The Only Thing I Know For Certain Is This…

It’s been 27 years since I gave my college commencement speech, and I remember it vividly.

Standing there, freshly graduated, I did what many twenty-somethings do when handed a microphone and a moment that feels larger than themselves: I reached for philosophy. Specifically, Plato. I told my classmates that after four years of college, after all the lectures, exams, papers, and late nights, the greatest realization I had come to was this: all I knew was that I didn’t know.

It wasn’t an apology. It wasn’t self-doubt. And it certainly wasn’t an admission of defeat.

It was a battle cry.

At the time, I meant it as an invitation—to curiosity, to humility, to adventure. We were stepping into the world not as finished products, but as works in progress. Knowing that we didn’t know meant we were free. Free to ask better questions. Free to explore without the burden of certainty. Free to grow without pretending we had already arrived.

There was something exhilarating about that idea. The notion that life wasn’t about reaching a final answer, but about staying awake, staying curious, and staying open.

What I didn’t fully understand then was how enduring that truth would be.

Twenty-seven years later, after careers, relationships, successes, failures, hard-earned lessons, and moments that reshaped who I thought I was, the only thing I still know for certain is this: I don’t know.

And somehow, that feels even more true now than it did back then.

With time, you realize how often certainty is mistaken for wisdom.

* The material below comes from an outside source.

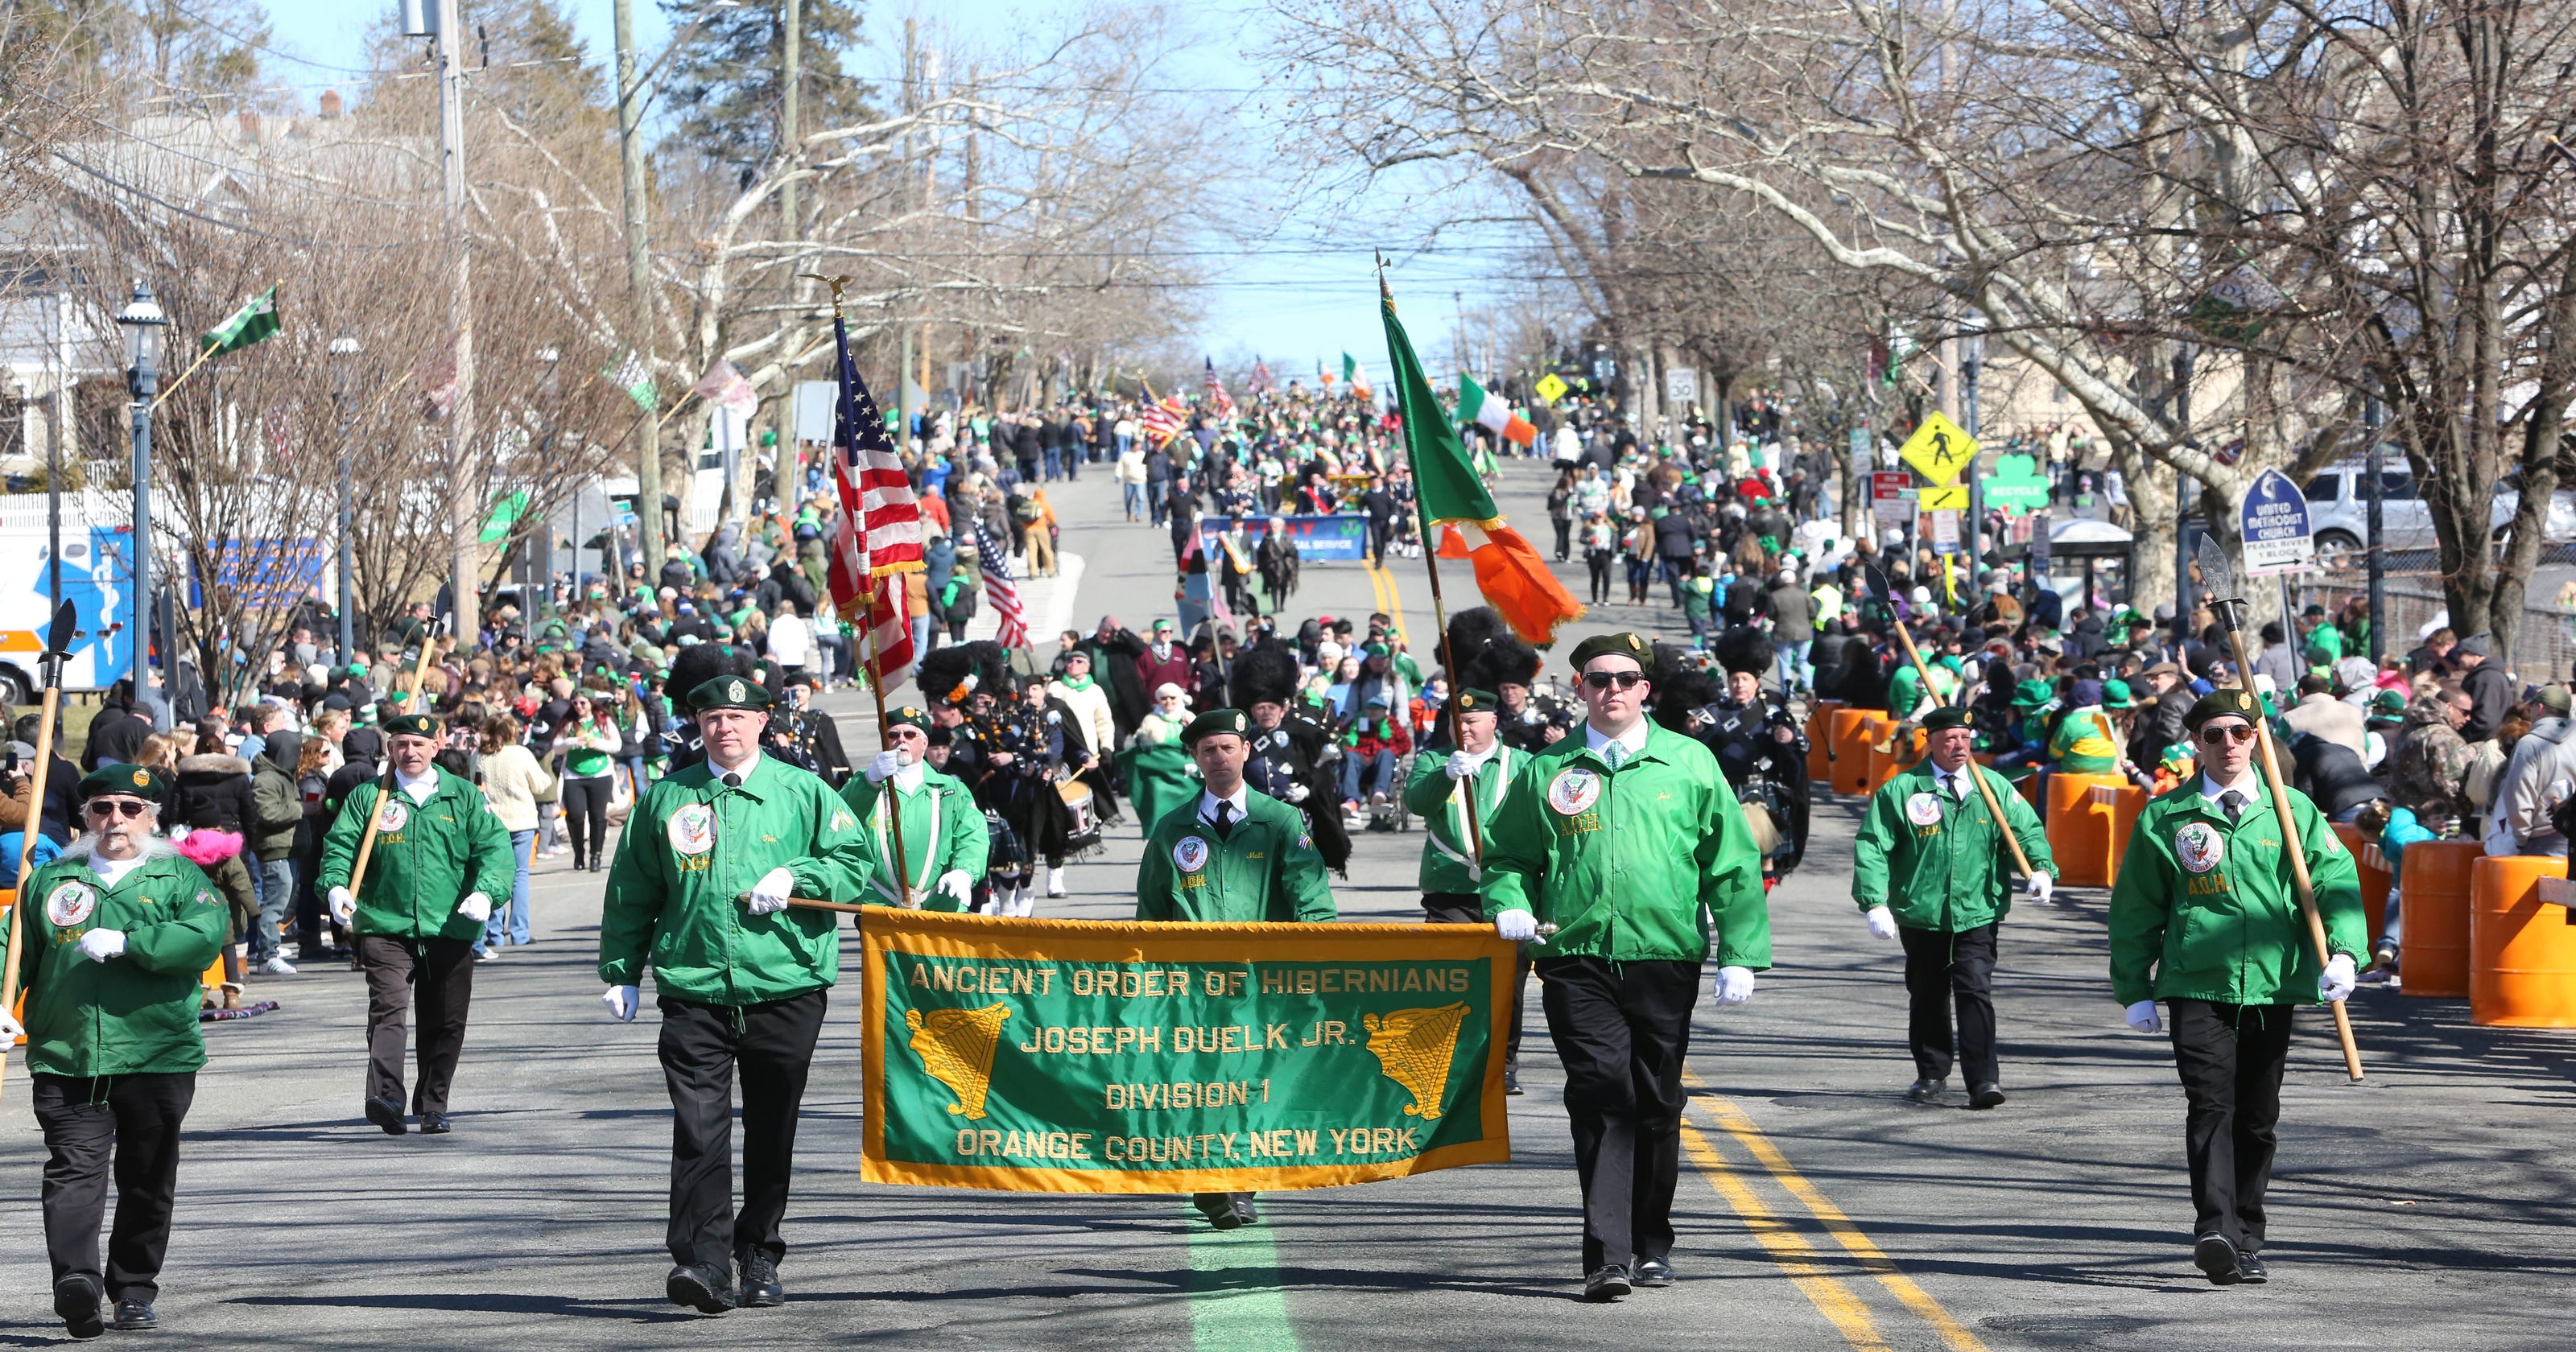 Weekend St. Patrick's Day parade forecast

How confidently people declare answers to questions they haven’t lived long enough to understand. How seductive it can be to cling to rigid beliefs simply because they feel safe.

But life has a way of dismantling certainty. It introduces complexity. It reveals contradictions. It humbles you with experiences no theory could have prepared you for. The more you live, the more you see how little fits neatly into boxes.

Knowing you don’t know isn’t weakness. It’s strength. It’s the posture of someone who remains teachable. It’s the mindset that keeps inquiry alive long after formal education ends. It’s what allows growth to continue when others become defensive, cynical, or closed off.

When you know you don’t know, you listen more.
You judge less.
You ask better questions.
You adapt instead of resist.
You evolve instead of harden.

In a world that rewards certainty, hot takes, and absolute opinions, there is quiet courage in saying, “I’m still learning.” In admitting that understanding is provisional, that perspectives change, that wisdom deepens over time.

Looking back, that commencement speech wasn’t really about graduation at all. It was about permission—the permission to remain a student of life. To see each chapter not as a conclusion, but as a beginning. To treat uncertainty not as something to fear, but as the engine of discovery.

The adventure I spoke about that day didn’t end when we walked off that stage. It began there.

What’s striking, looking back, is not how much has changed—but how true that idea has remained. Time didn’t replace it with certainty. Experience didn’t resolve it into clean answers. If anything, life only sharpened the insight.

After all these years, after everything I’ve learned and unlearned, the truth feels even clearer:

The only thing I know… is that I don’t know.

And that isn’t resignation. It’s fuel. It’s what keeps inquiry alive, curiosity intact, and growth possible.